If there is no explicit clause in the contract dealing with the assessment of damages, the law supplies a standard test which specifies the extent of responsibility implicitly undertaken by the promisor. There is a reciprocal allocation of risks; the precise legal test is examined below but it can be said in general terms that the promisor implicitly accepts responsibility for the usual consequences of a breach of the promise in question, while the promisee implicitly accepts the risk of any other consequences. (In other words, the promisee implicitly agrees not to hold the promisor responsible for unusual consequences.) The test should ultimately depend on the express or implied intention of the parties. Hence, the promisor may be liable for an unusual type of loss where he is made aware of the risk and thus expressly or impliedly accepts responsibility for it.

[58] In The Heron II [1969] 1 A.C 350, 385 Lord Reid put the matter this way:

The crucial question is whether, on the information available to the defendant when the contract was made, he should, or the reasonable man in his position would, have realised that such loss was sufficiently likely to result from the breach of contract to make it proper to hold that the loss flowed naturally from the breach or that loss of that kind should have been within his contemplation.

[59] There is nothing to suggest that the Kingdom had special knowledge such that it should be taken to have assumed the risk of liability accruing under Mr. Ve’ehala’s loan nor can it be said that such loss flows naturally upon his dismissal. No authority was provided to me to suggest otherwise.

Result

[60] I propose to accede to Mr. Kefu’s request that I leave it to the parties to calculate and agree on the amount that is owing to Mr. Ve’ehala based on my findings.

[61] My findings are as follows:

[61.1] Mr.
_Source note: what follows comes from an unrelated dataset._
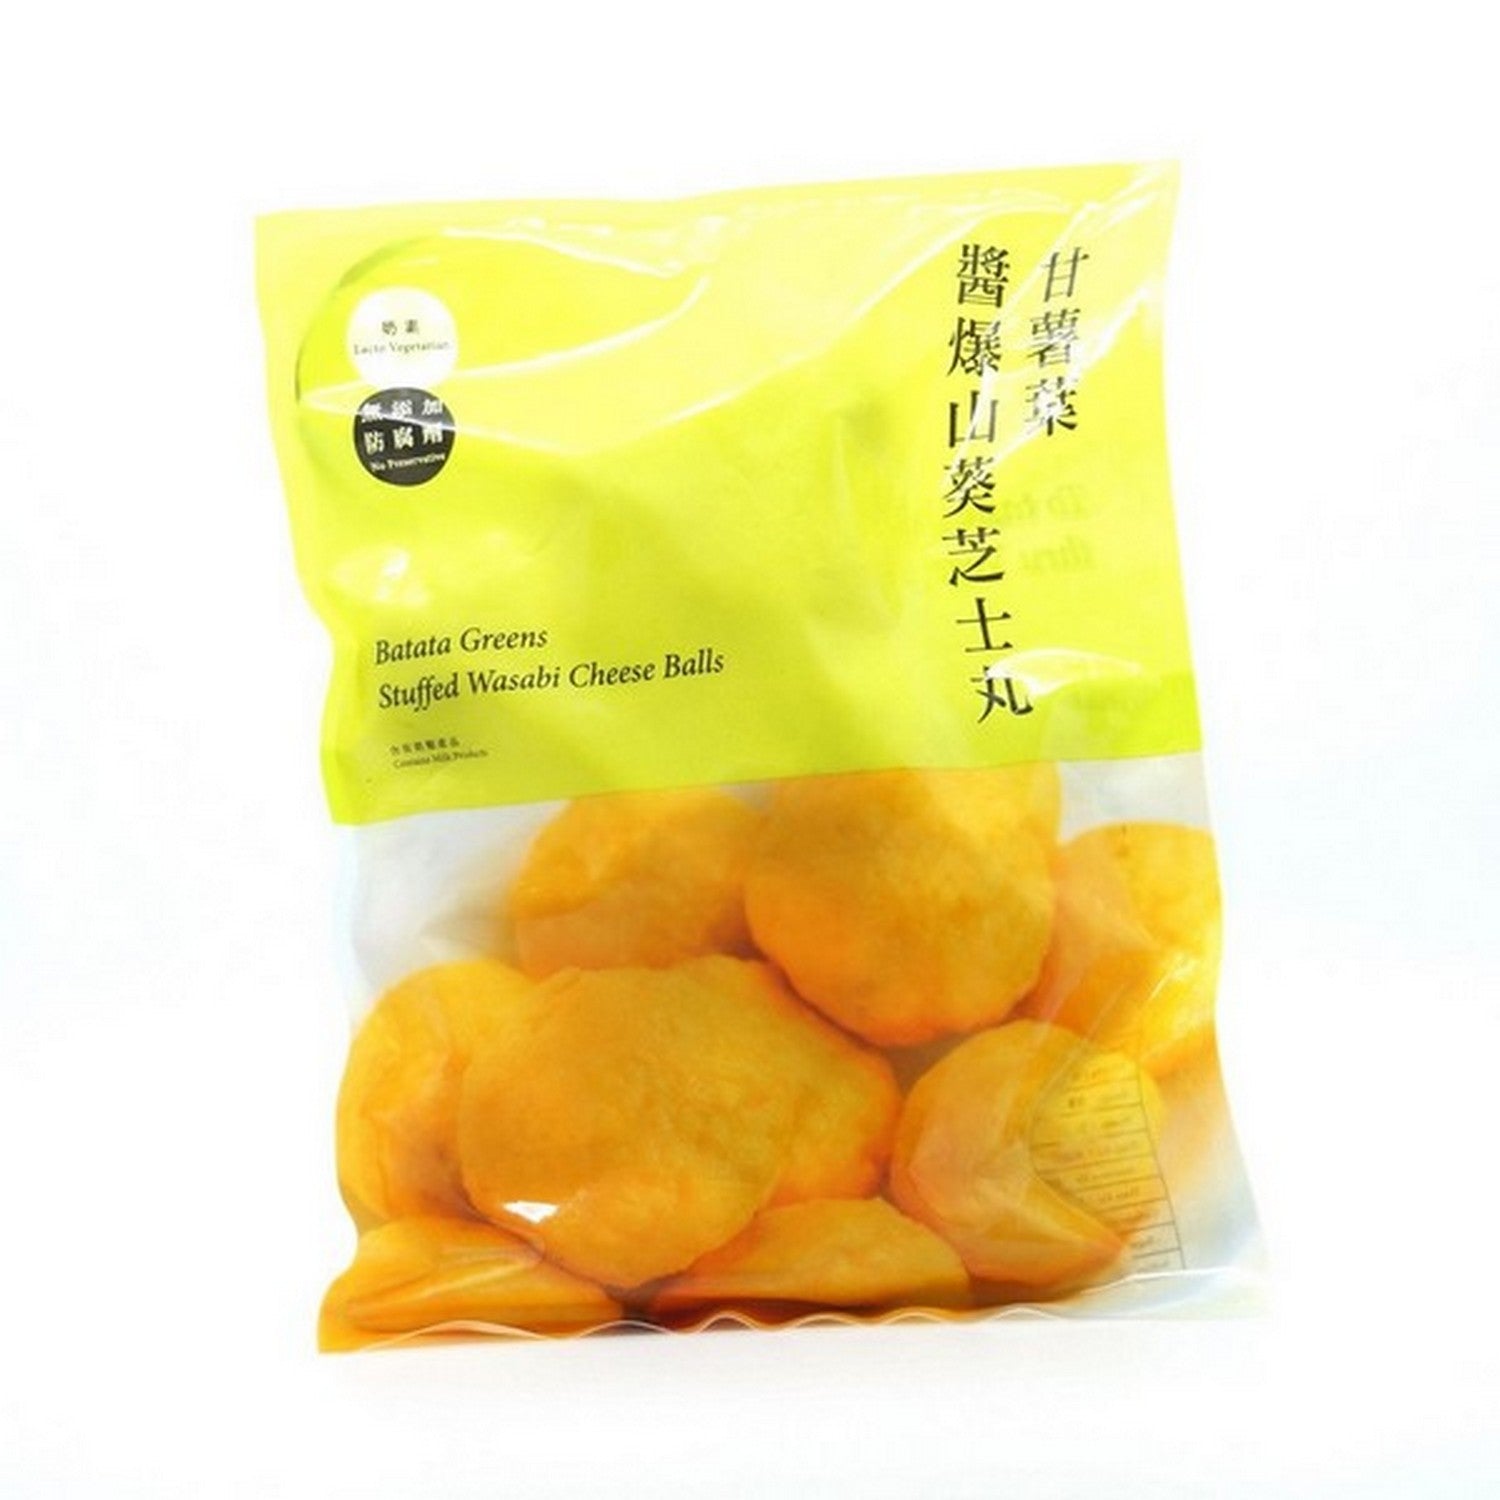 Taiwan Batata Greens Stuffed Wasabi Cheese Balls (300g)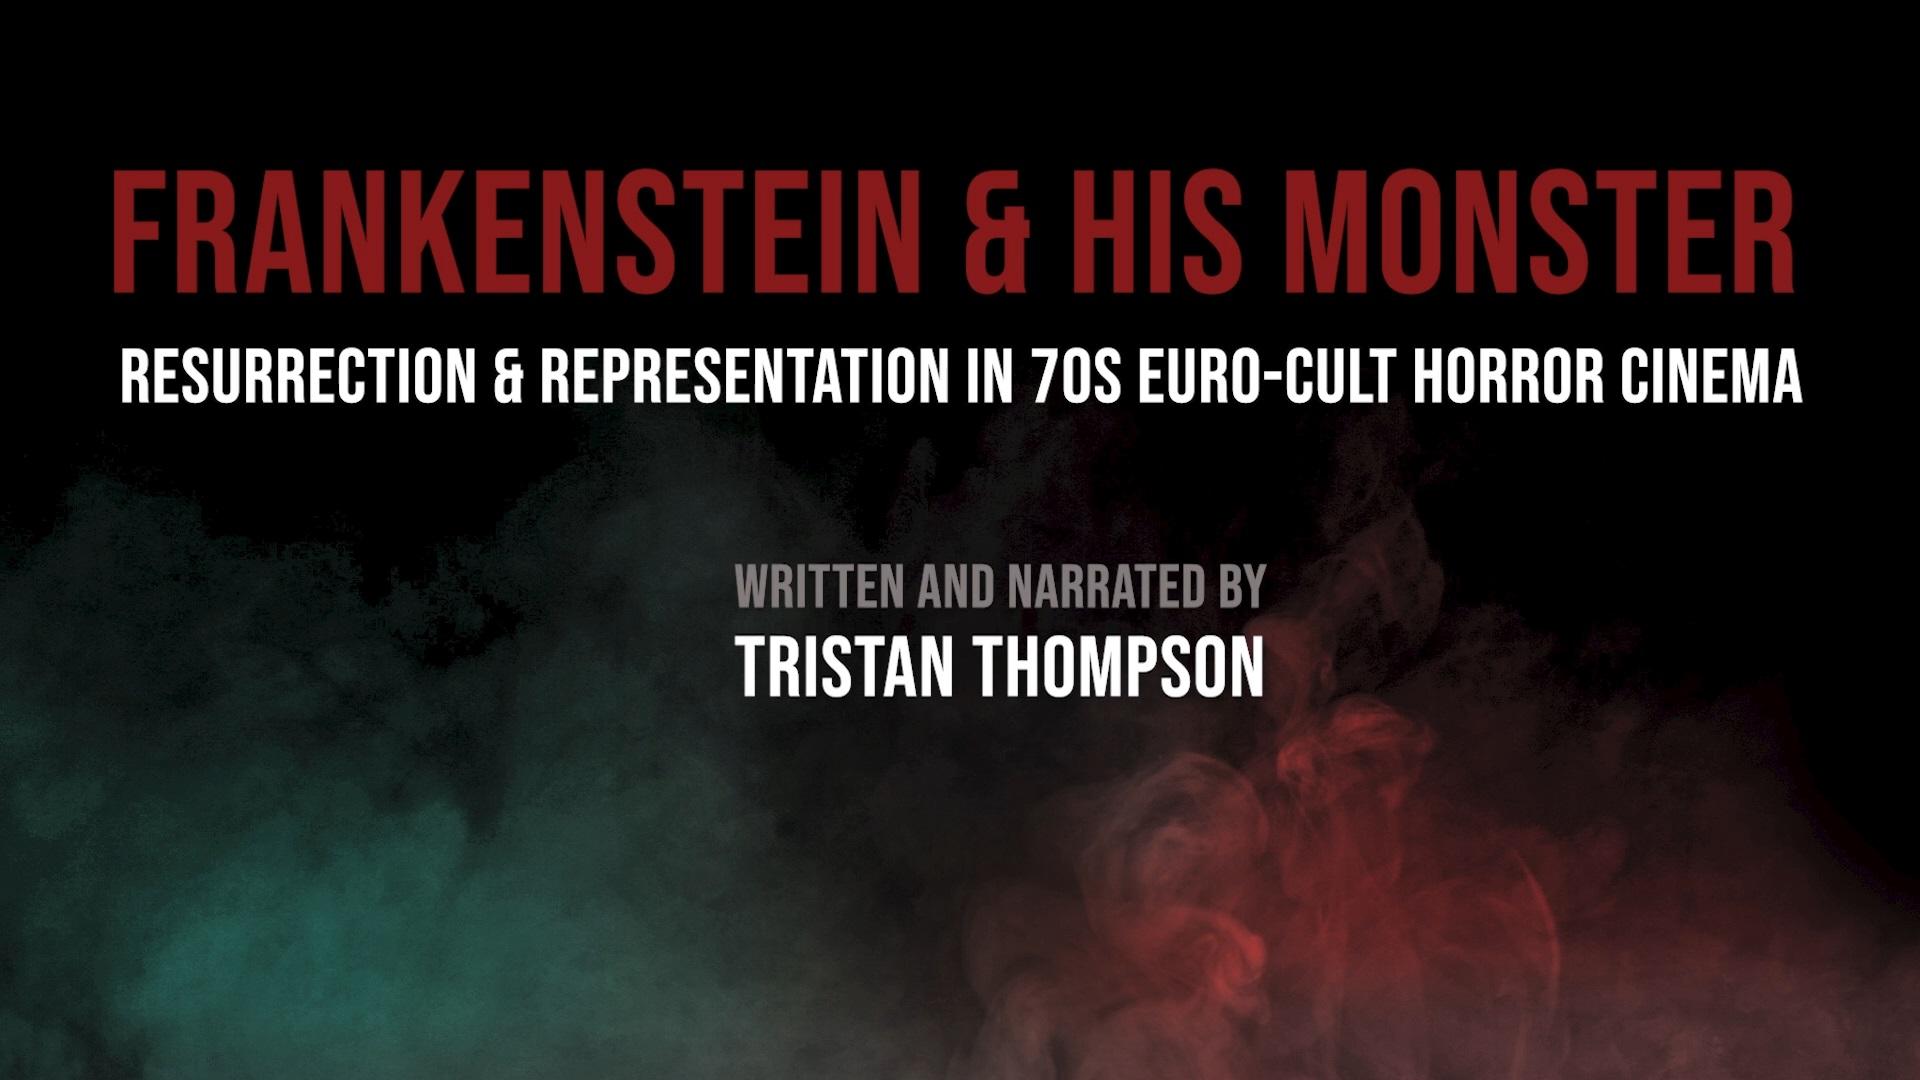 Frankenstein & His Monster in 70s Euro-Cult Horror Cinema

Ve’ehala’s lost salary is to be calculated from 26 September 2007 to 12 March 2011.

[61.2] Mr. Ve’ehala is entitled also to receive the Government contribution to the Retirement Fund calculated to 12 March 2011.

[61.3] Mr. Ve’ehala’s claim for bank interest is dismissed.

[62] I was not addressed on the questions of interest or costs. I reserve leave for either party to apply for the Court to determine any dispute as to Mr. Ve’ehala’s entitlement under this ruling including any claims for interest and costs. Such application should be made within 42 days of the date of this ruling.